- [Items from a dataset]
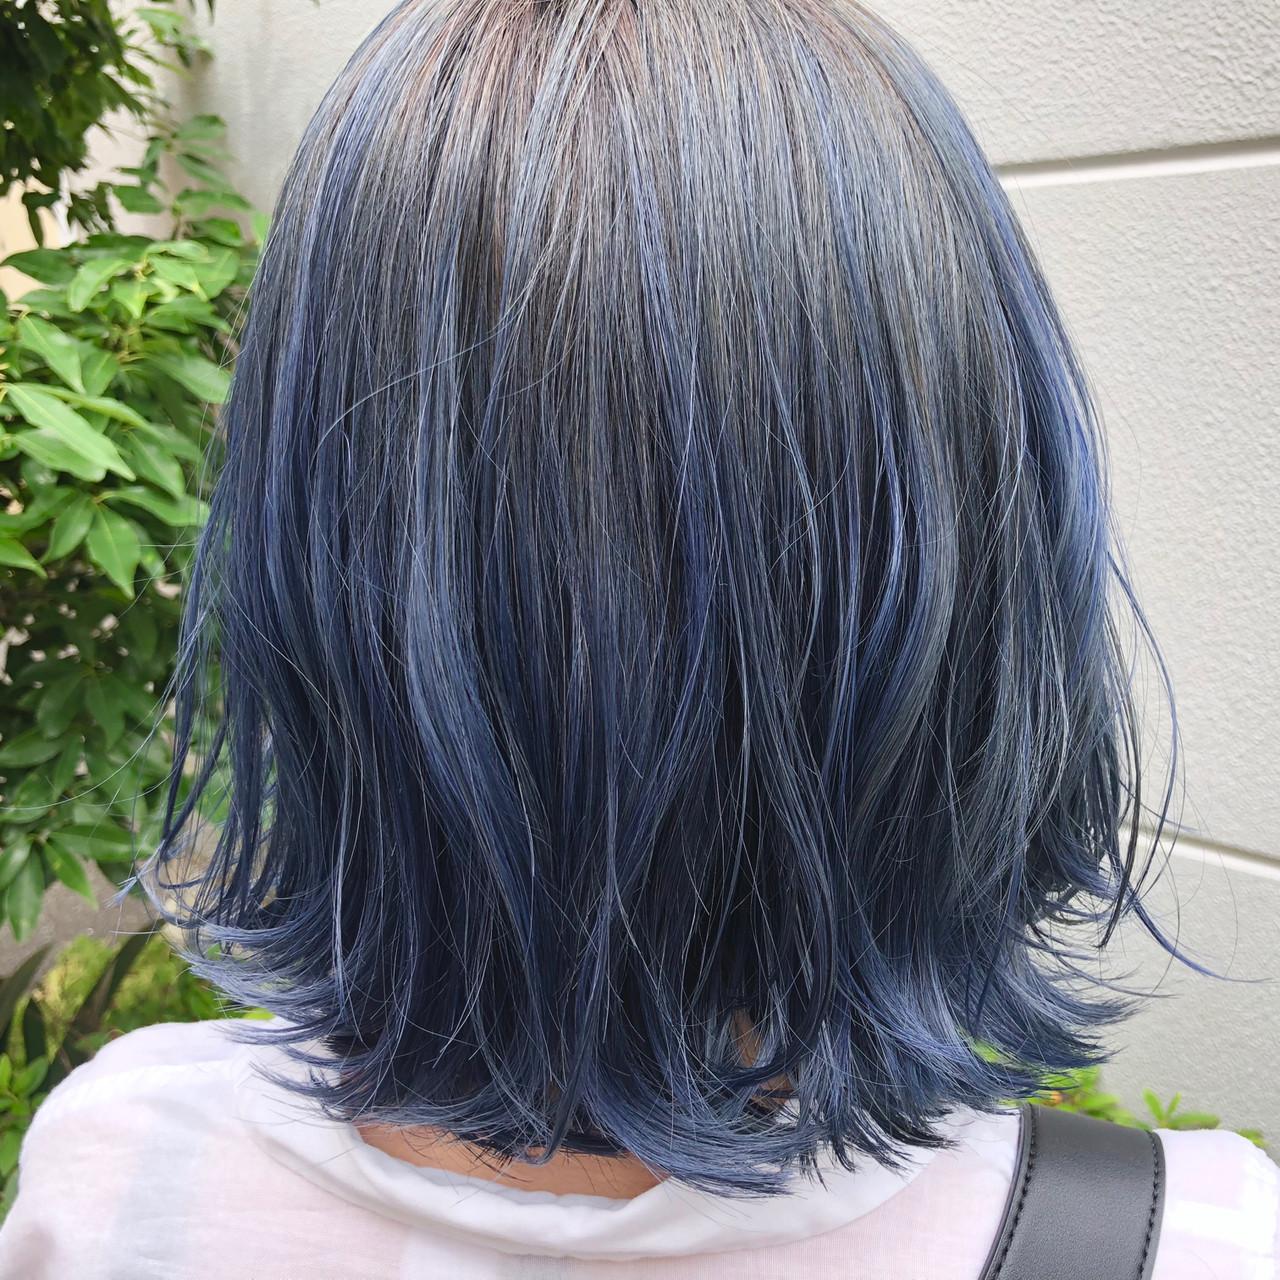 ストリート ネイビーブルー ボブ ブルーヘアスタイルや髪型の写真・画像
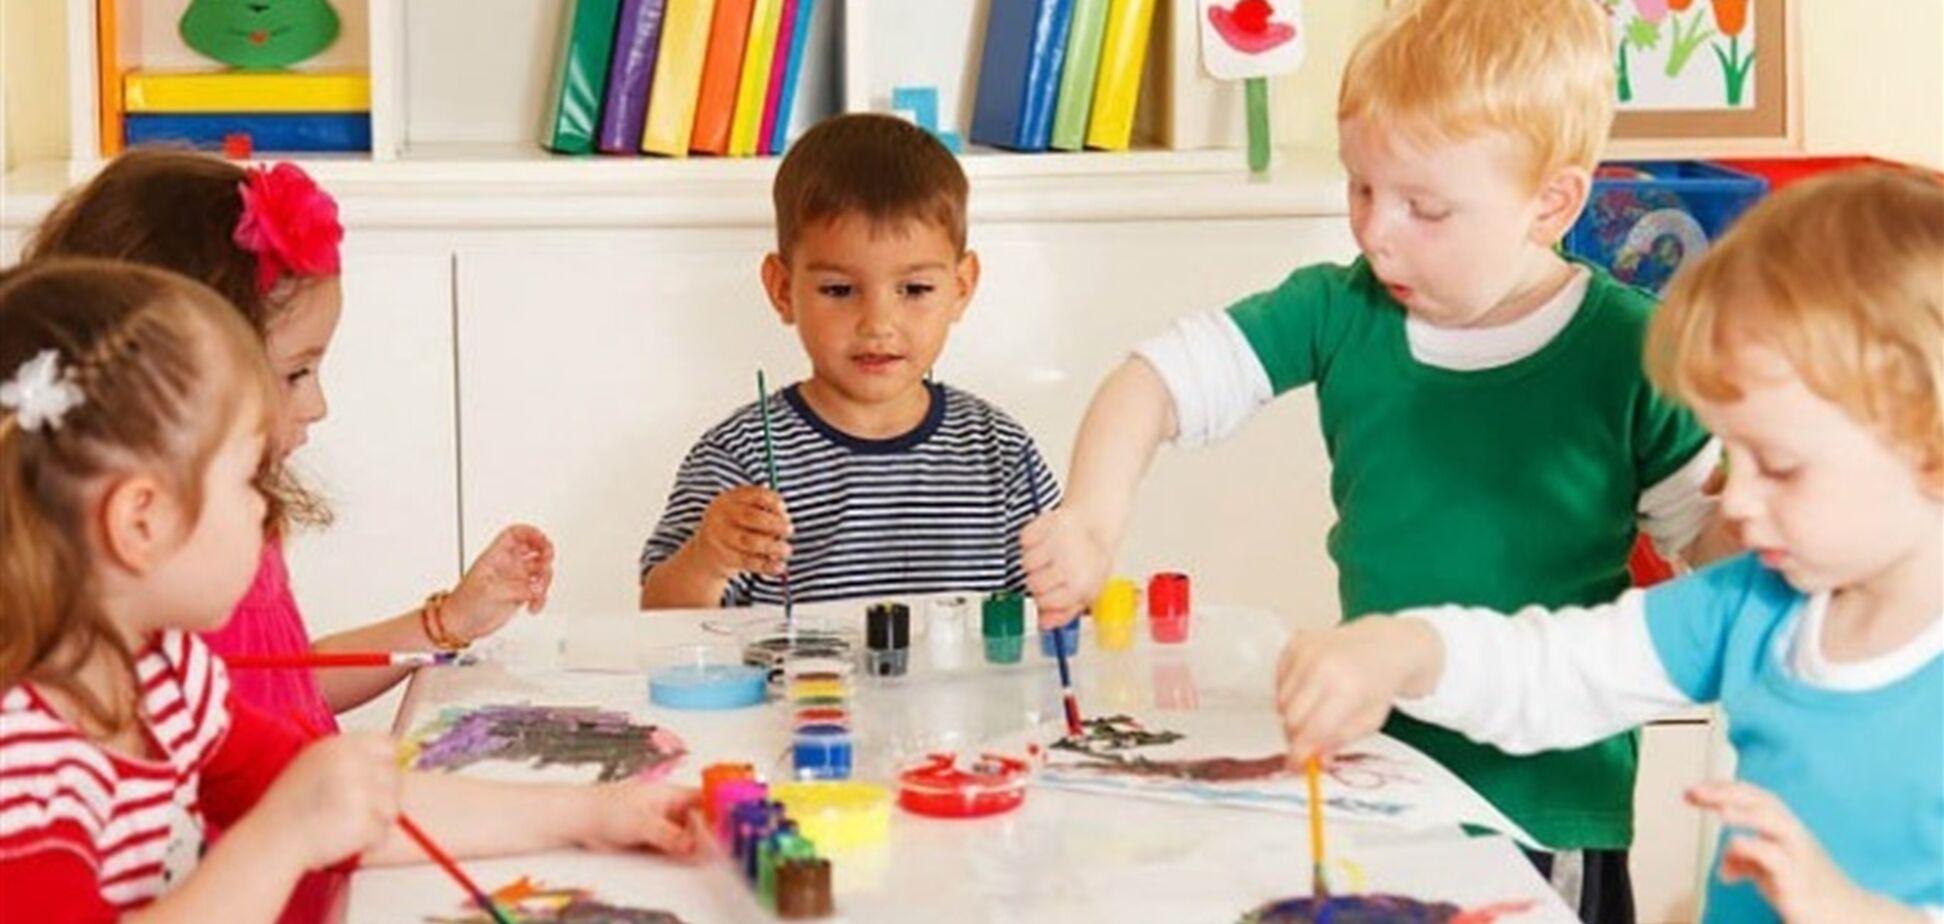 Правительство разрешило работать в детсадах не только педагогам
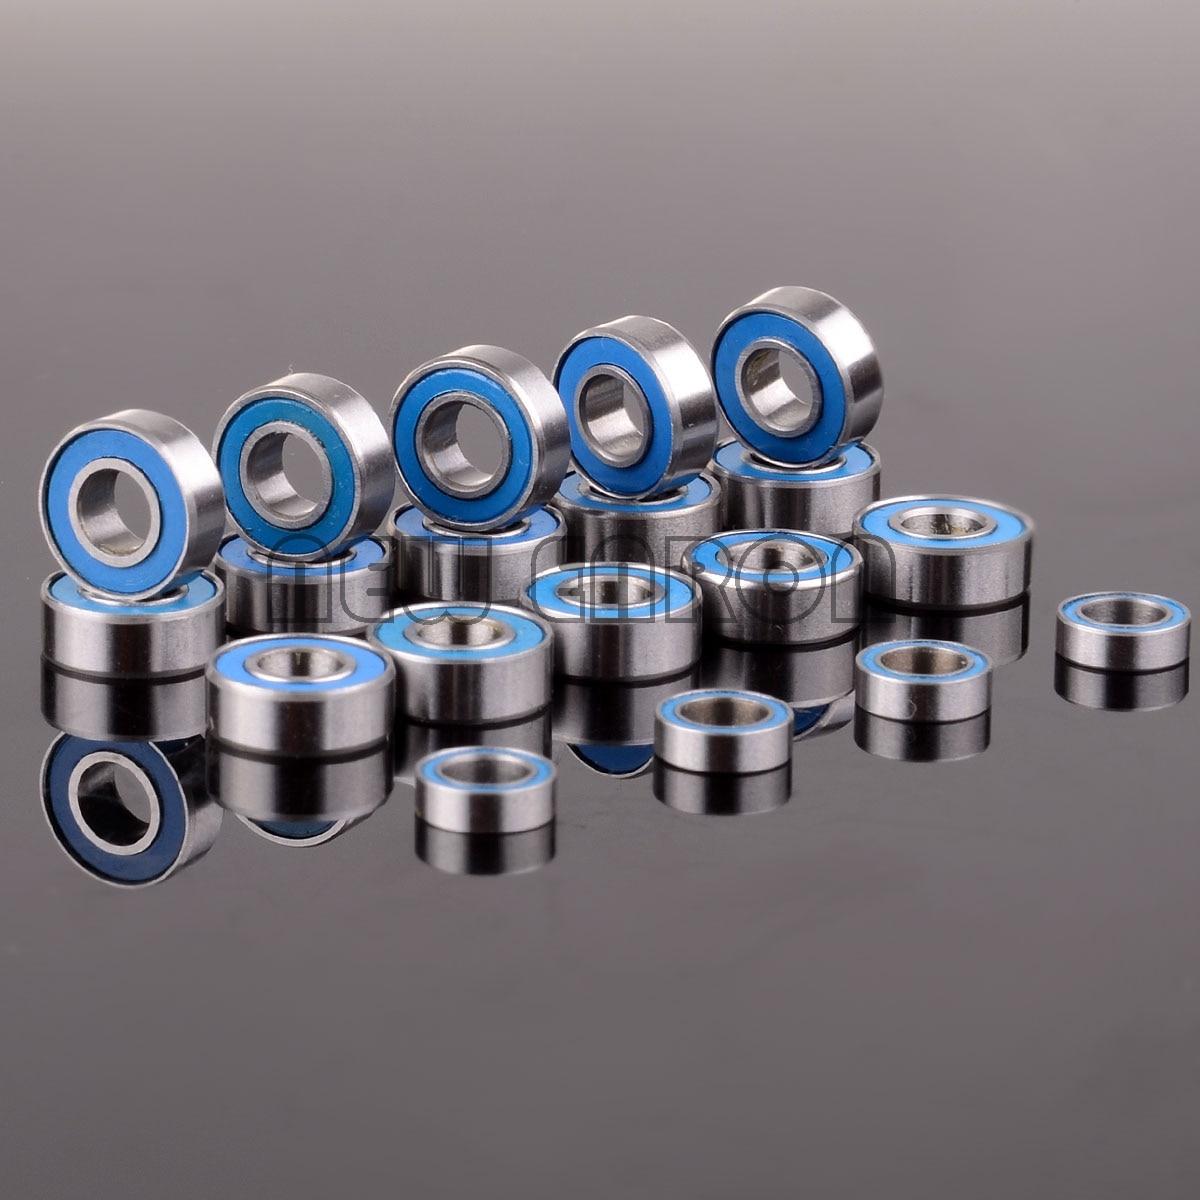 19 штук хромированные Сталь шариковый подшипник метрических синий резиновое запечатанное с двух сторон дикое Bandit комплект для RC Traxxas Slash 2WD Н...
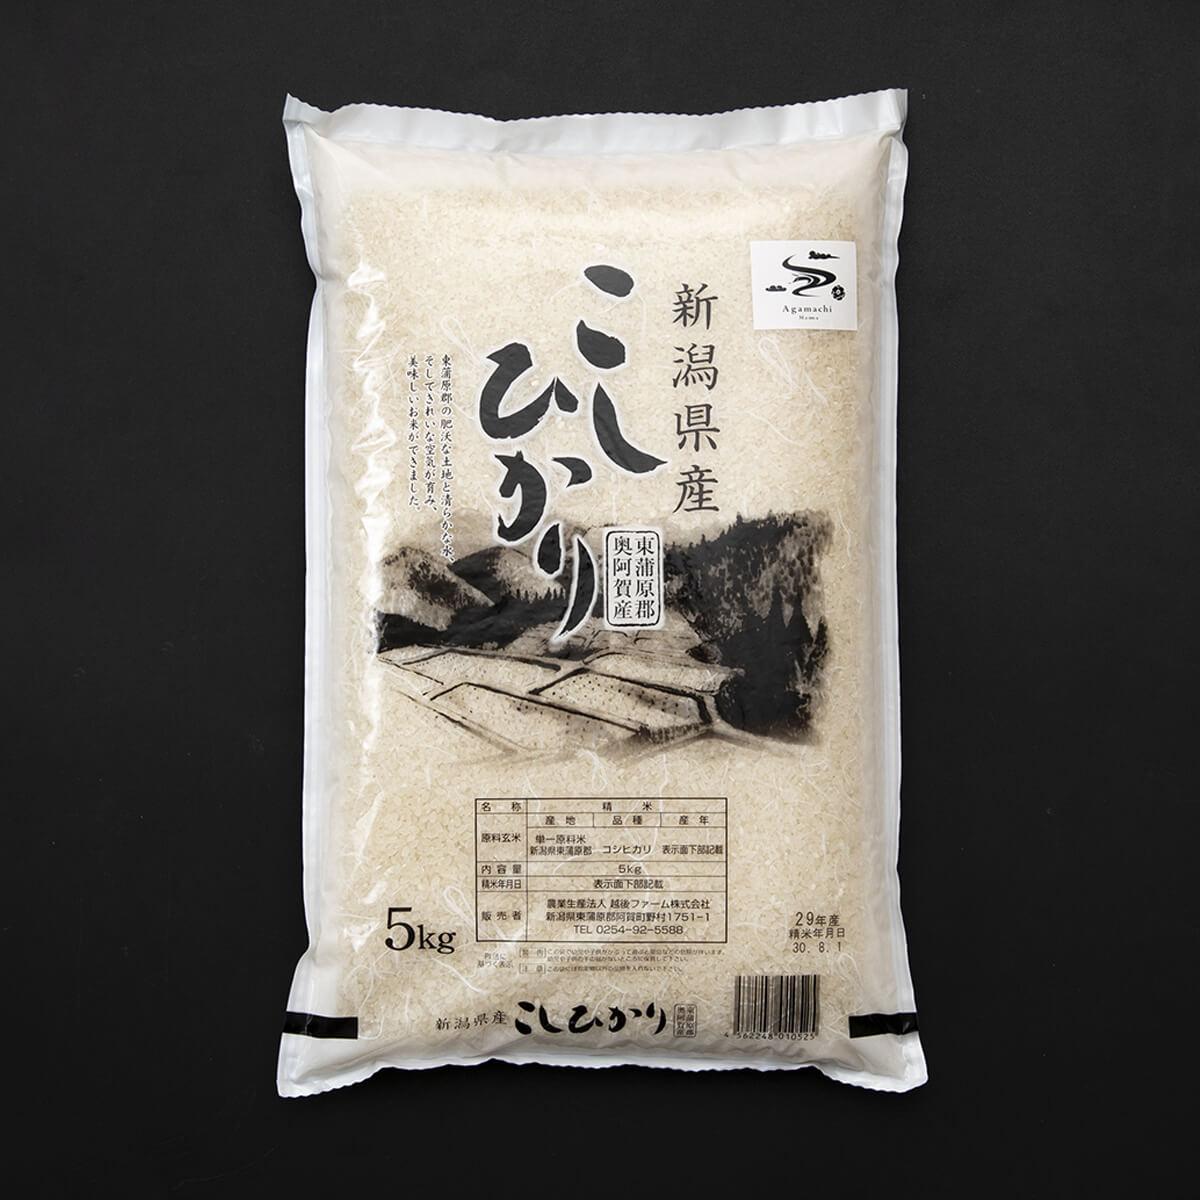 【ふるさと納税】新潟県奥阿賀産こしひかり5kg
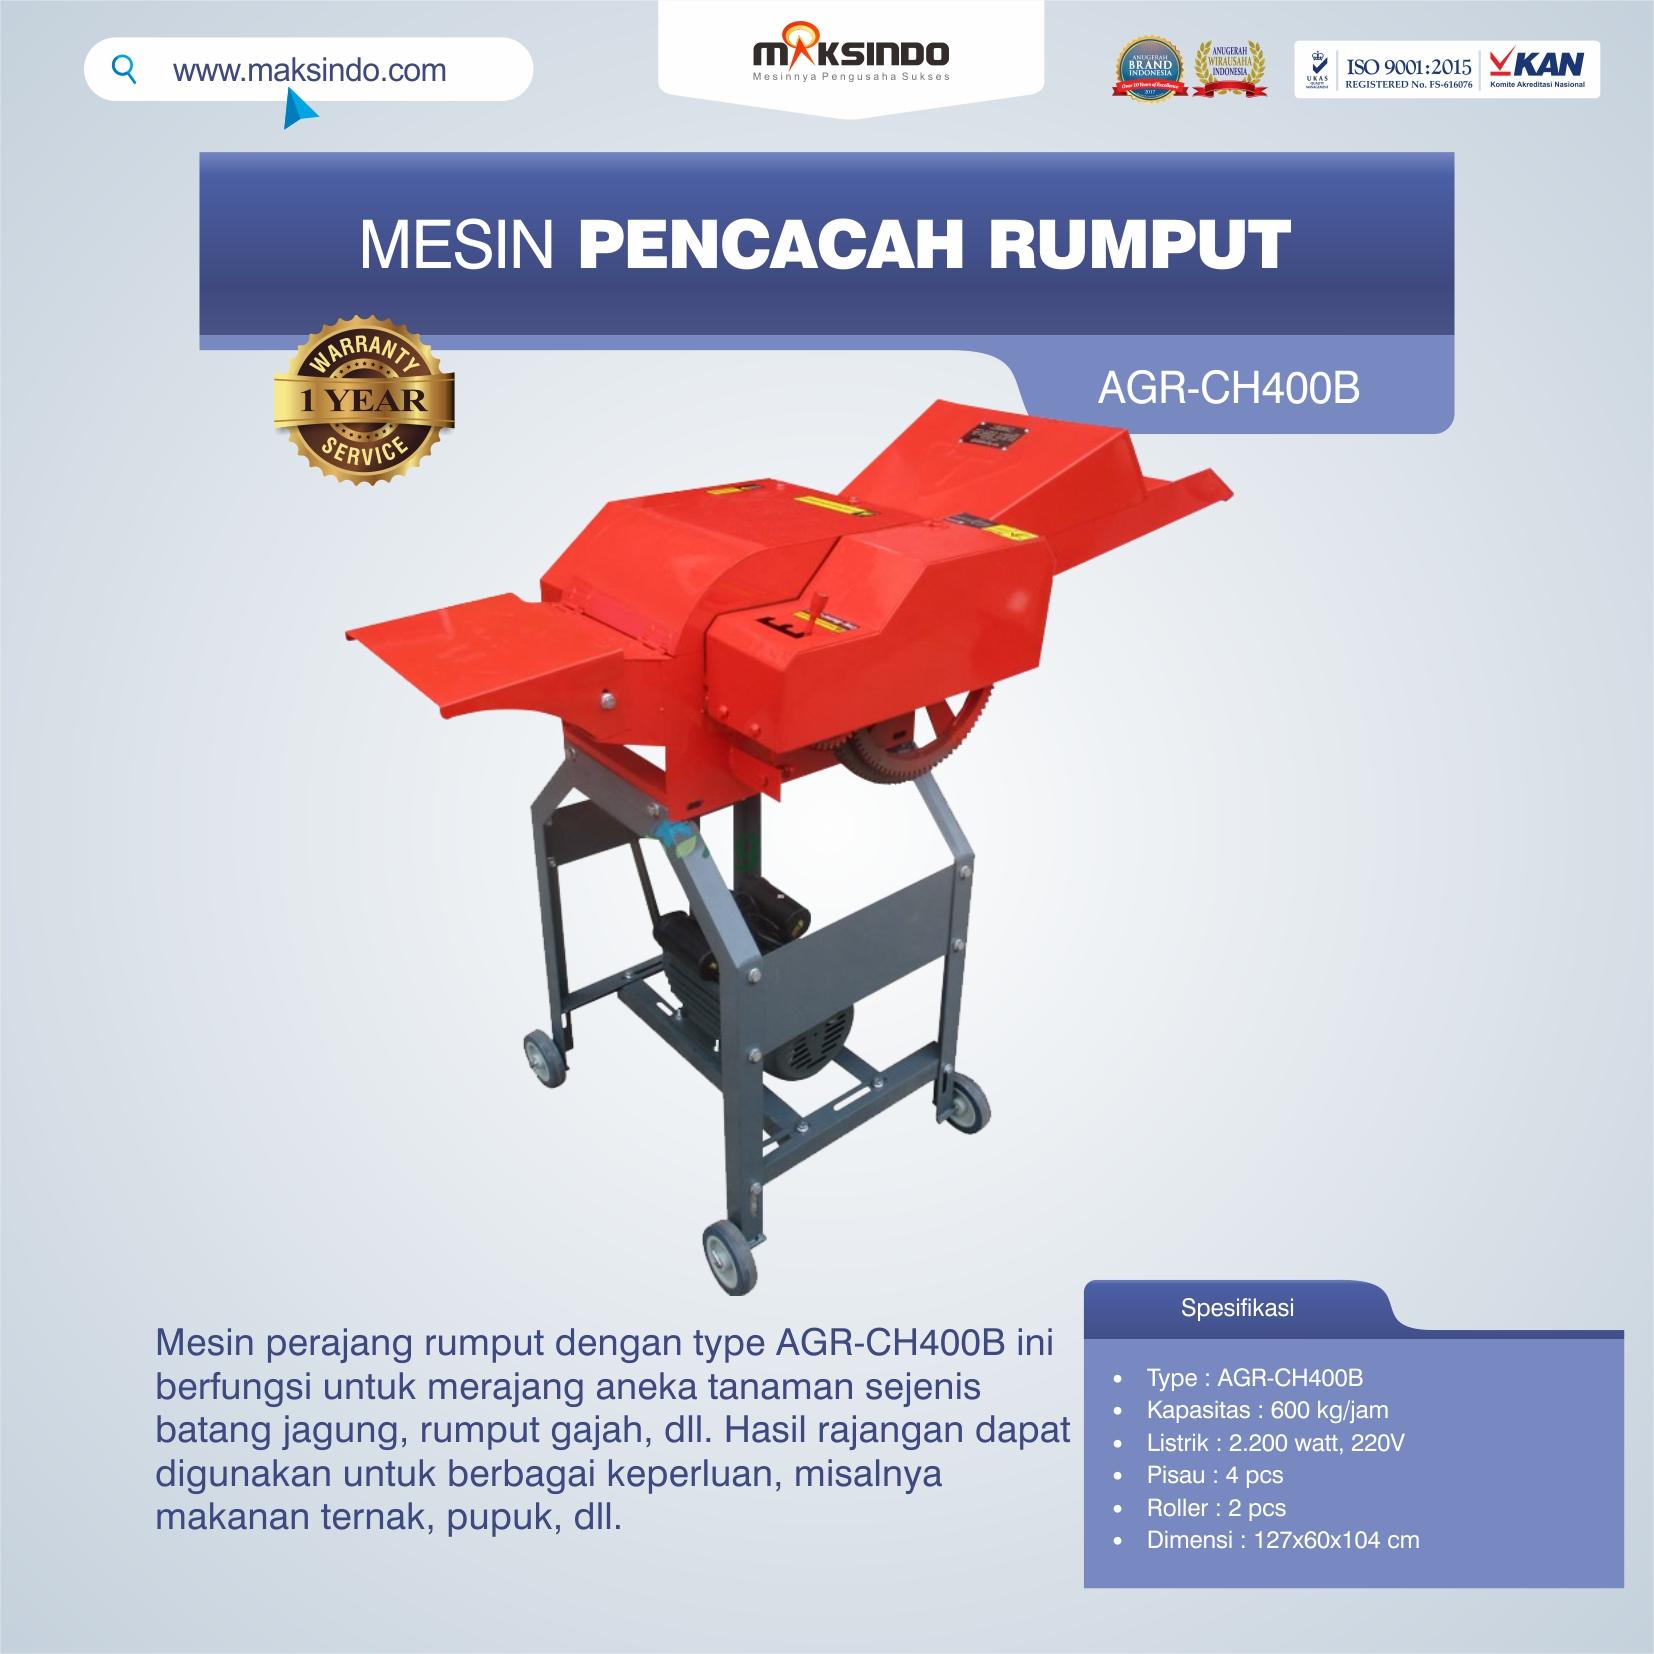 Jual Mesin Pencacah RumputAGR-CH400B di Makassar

- [ACTIVITY] Make a word-for-word copy of the entries, without any pictures.

- [OUTPUT BELOW]
 ストリート ネイビーブルー ボブ ブルーヘアスタイルや髪型の写真・画像
 Правительство разрешило работать в детсадах не только педагогам
 19 штук хромированные Сталь шариковый подшипник метрических синий резиновое запечатанное с двух сторон дикое Bandit комплект для RC Traxxas Slash 2WD Н...
 【ふるさと納税】新潟県奥阿賀産こしひかり5kg
 Jual Mesin Pencacah RumputAGR-CH400B di Makassar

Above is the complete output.